Background

RNA sequencing (RNA-seq) technology has identified amounts of significant genes and given some evidence for the diagnosis and treatment of complex disease, especially cancers [1, 2]. Most of existing statistical methods focus on identifying the differentially expressed (DE) genes and heritability estimation by the RNA-seq count data [3,4,5,6,7]. However, with the assumption that only minority of genes associate with phenotypes, these models inevitably lose the regulation information from DE genes, thus are hard to elucidate the etiology and mechanism [8,9,10]. Systematic characterization of the biological function of genes represents an important step for investigating the molecular mechanisms underlying the identified disease associations. Enrichment analysis methods are based on different ideas: some only including genes participating in pathways and some considering the regulations between genes in networks [11,12,13,14].

Furthermore, omnigenic model assumes that disease may be driven by genes with indirect relevance to disease and be propagated by functional pathways.

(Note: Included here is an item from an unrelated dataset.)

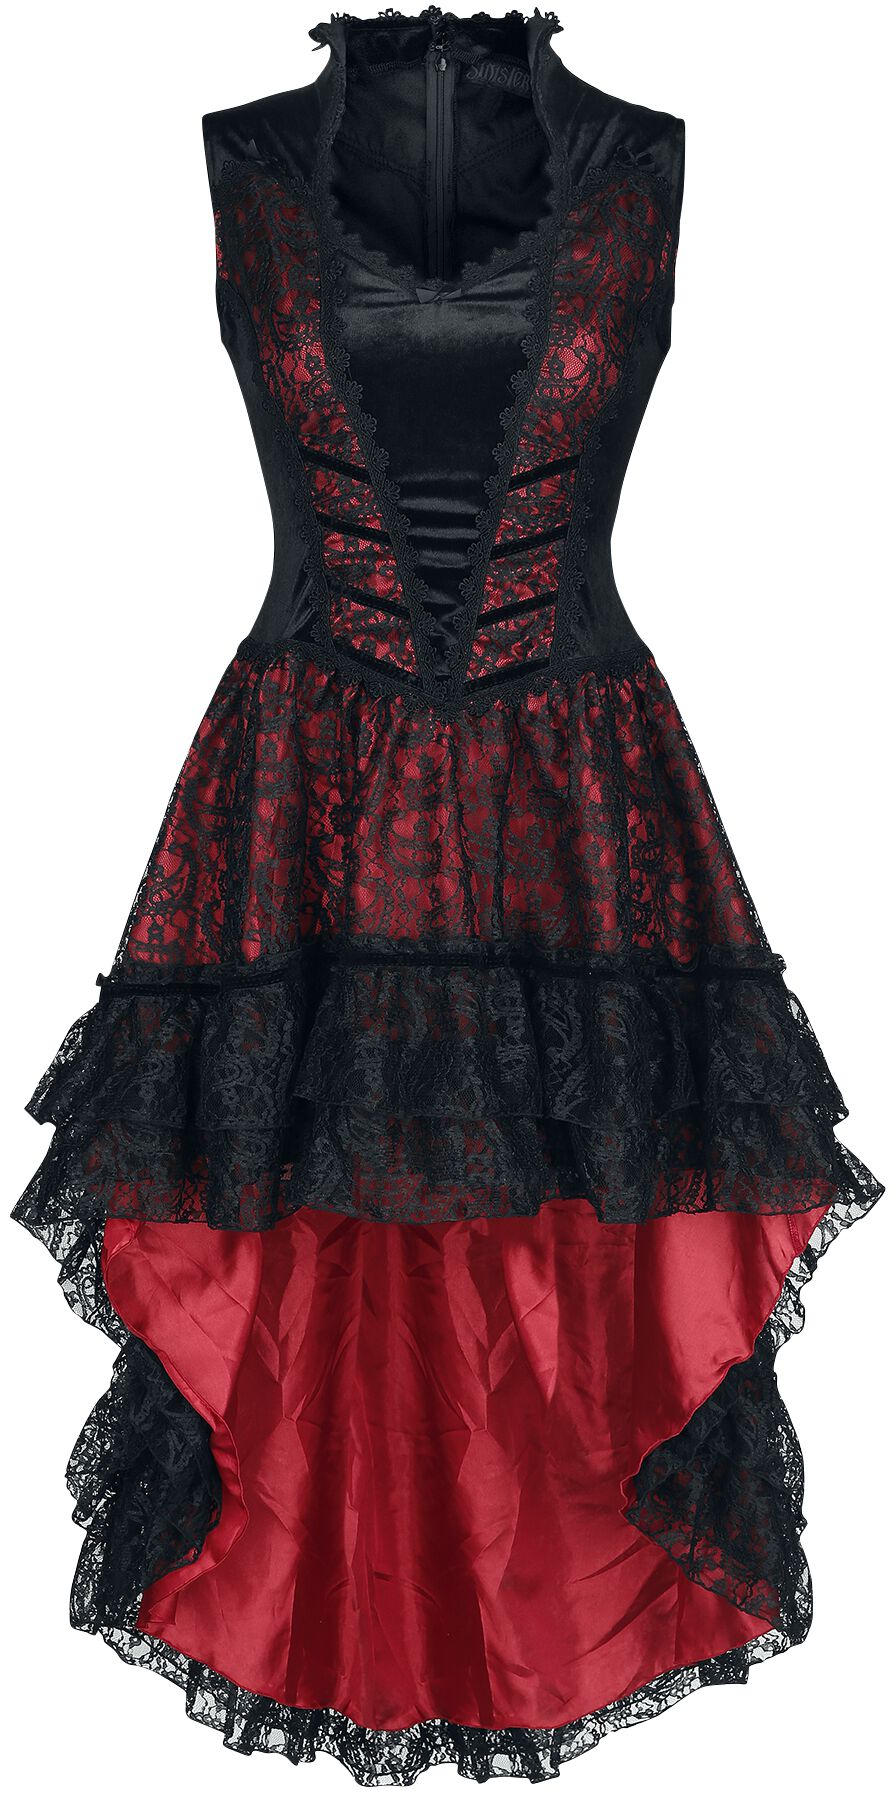 Sinister Gothic - Mittelalter Kleid knielang - Gothic Dress - XS bis 4XL - für Damen - Größe S - schwarz/rot

These external genes may cause the disease by distantly regulating significant pathways and they may explain most heritability [15]. For transcriptome data, one common sense is that the core gene effects can be understood by their interactions within underlying pathways or any expressed gene [16, 17]. As a result, identifying the interactions between external genes and significant pathways (GPIs) holds for further understanding of etiology and improving the prediction ability [18].

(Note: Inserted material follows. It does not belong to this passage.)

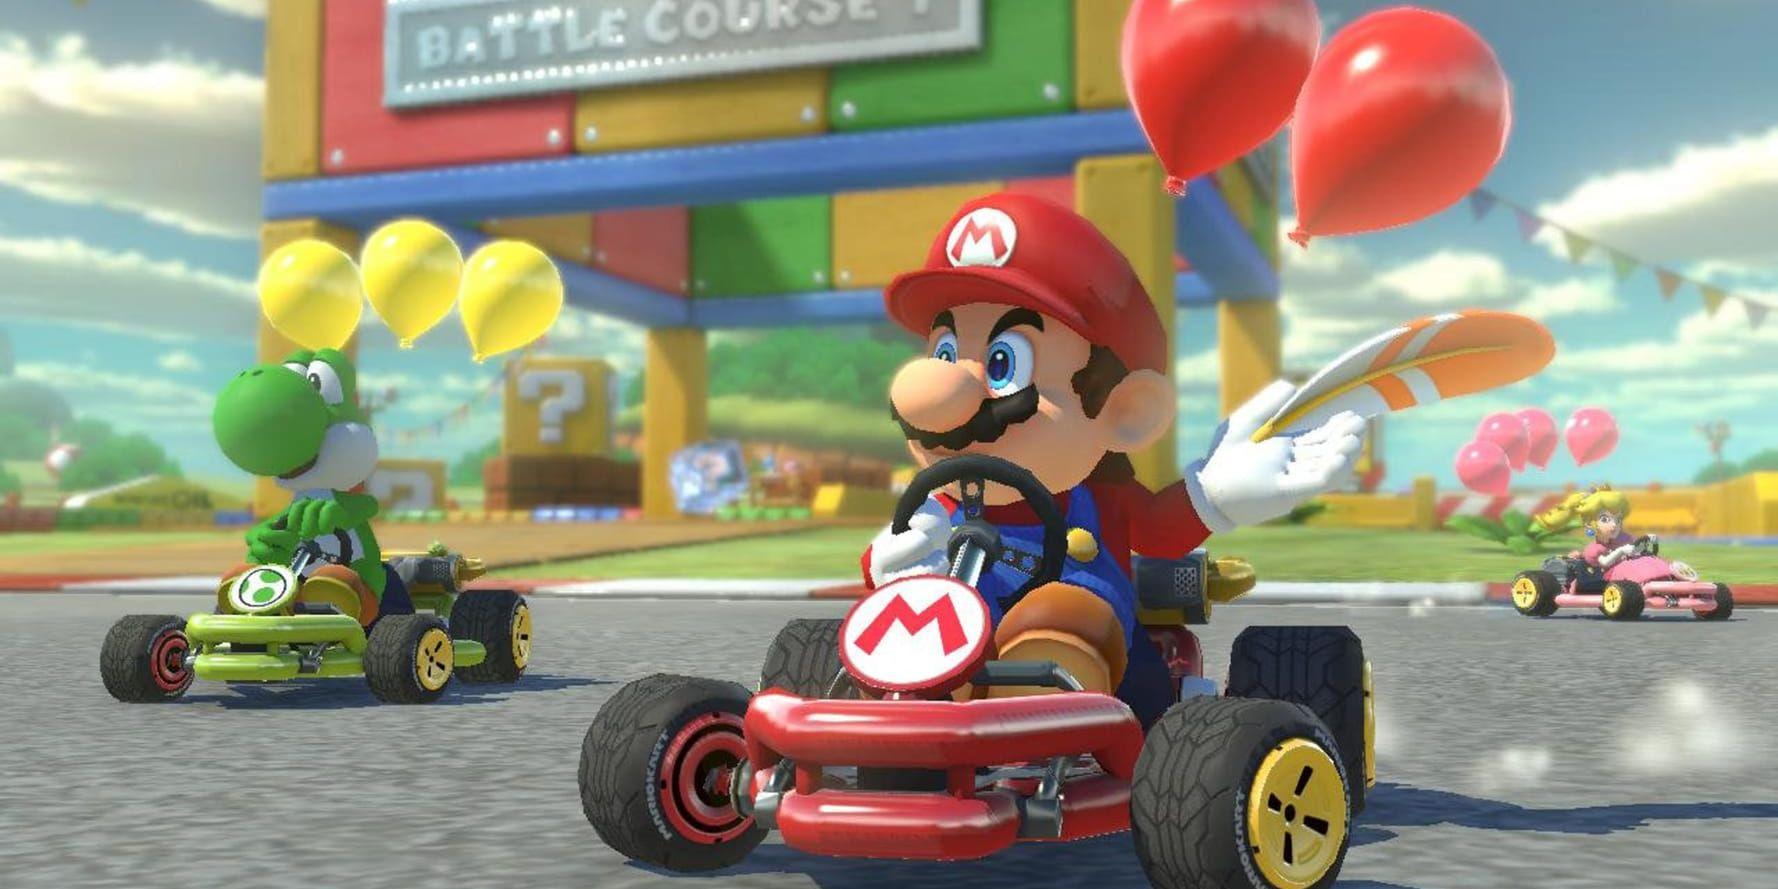 Mario guidar trafikanter på Mario-dagen. Pressbild.

Considering the potential importance of interactions in defining the genetic architecture of complex traits and inefficiency of traditional methods in high-dimensional data, emerging statistical methods have been implemented to identify interactions with low calculation resources [19]. Different algorithms use different ideas, such as set tests [20, 21] and searching algorithms (exhaustive searching and prioritization based on the gene set) [22, 23]. Due to lacking confidence and biological priority and high-dimensional searching spaces, these methods may lose power.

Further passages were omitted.